Franz Künstler (, 24 July 1900 – 27 May 2008) was, at age 107, the last known surviving veteran of the First World War who fought for the Austro-Hungarian Empire. Following the death of 110-year-old Ottoman veteran Yakup Satar on 2 April 2008, he was also the last Central Powers veteran of any nationality. He was born in Sósd, in the Kingdom of Hungary, now Măureni, Romania.

A Banat Swabian, Künstler enlisted in the Austro-Hungarian Army at Szeged in February 1918 in a field artillery regiment (HFKR 5. k.u. Feldkanonen-Regiment/ - 5. honvéd tábori ágyúsezred). He saw combat on the Italian Front on the Piave River. Following the collapse of the Austro-Hungarian Empire, he fought against the communists in Hungary, and was a soldier until 1921. During the Second World War, he served six months in 1942 as a mobile courier in Ukraine.

Following World War II, Künstler lived in Niederstetten, Baden-Württemberg, Germany, and worked as a guide in a museum. He had been expelled from Hungary by the communist government, as had many other ethnic Germans.

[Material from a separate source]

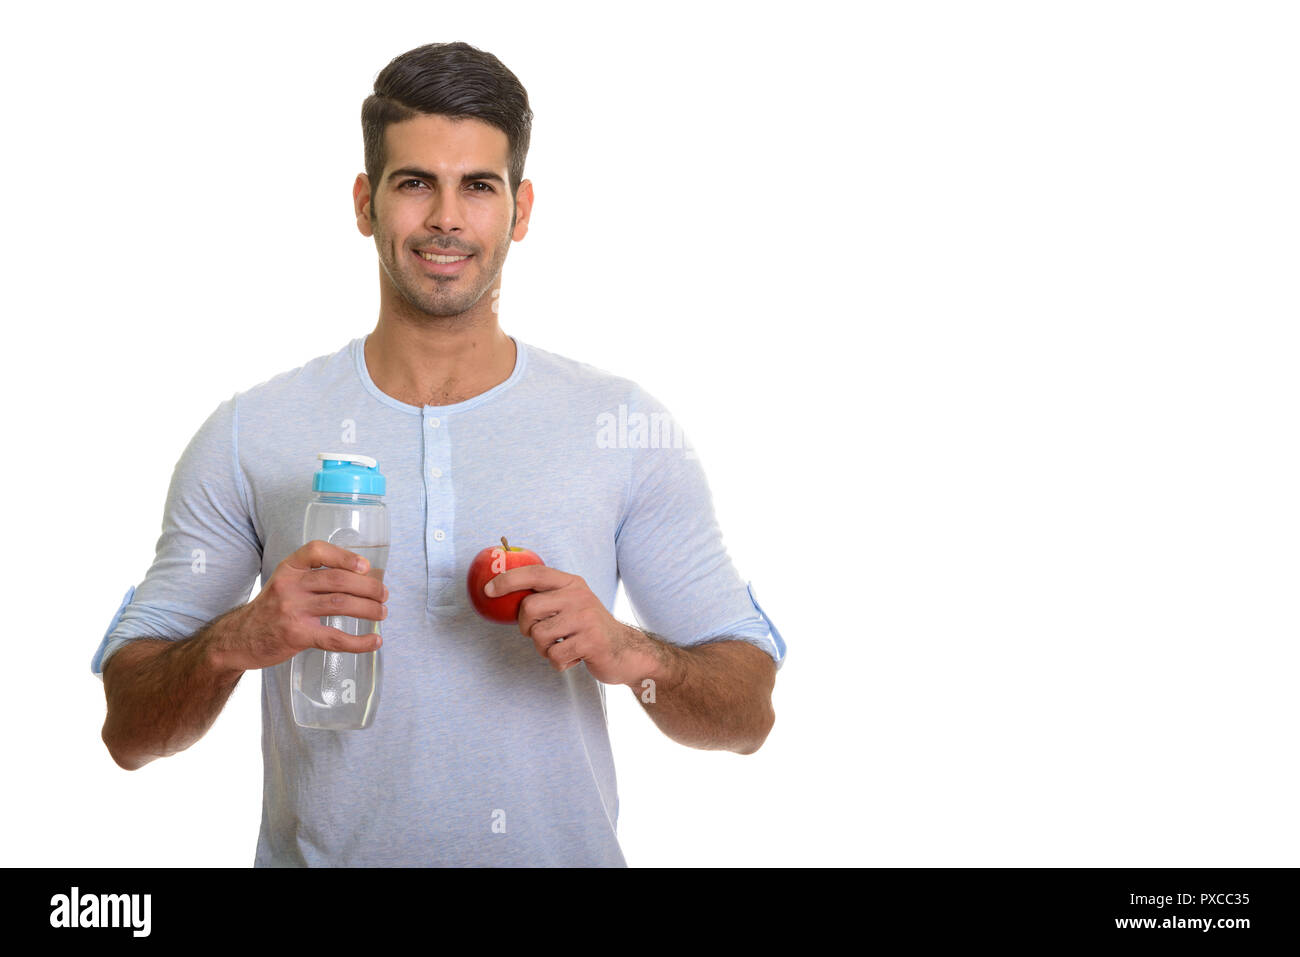 Les jeunes professionnels Persian man smiling and holding water bottle et rouge Banque D'Images

Asked about his nationality, Künstler said he always felt connected to the German nation and saw himself as a German. He was a Hungarian citizen until 1946, when he obtained German citizenship. In an interview given at the age of 107 to an Austrian magazine, Künstler was asked about "the most important thing in life". He answered: "I was a handsome man and had many women. But more important is to have a good wife, with whom one can share one's life."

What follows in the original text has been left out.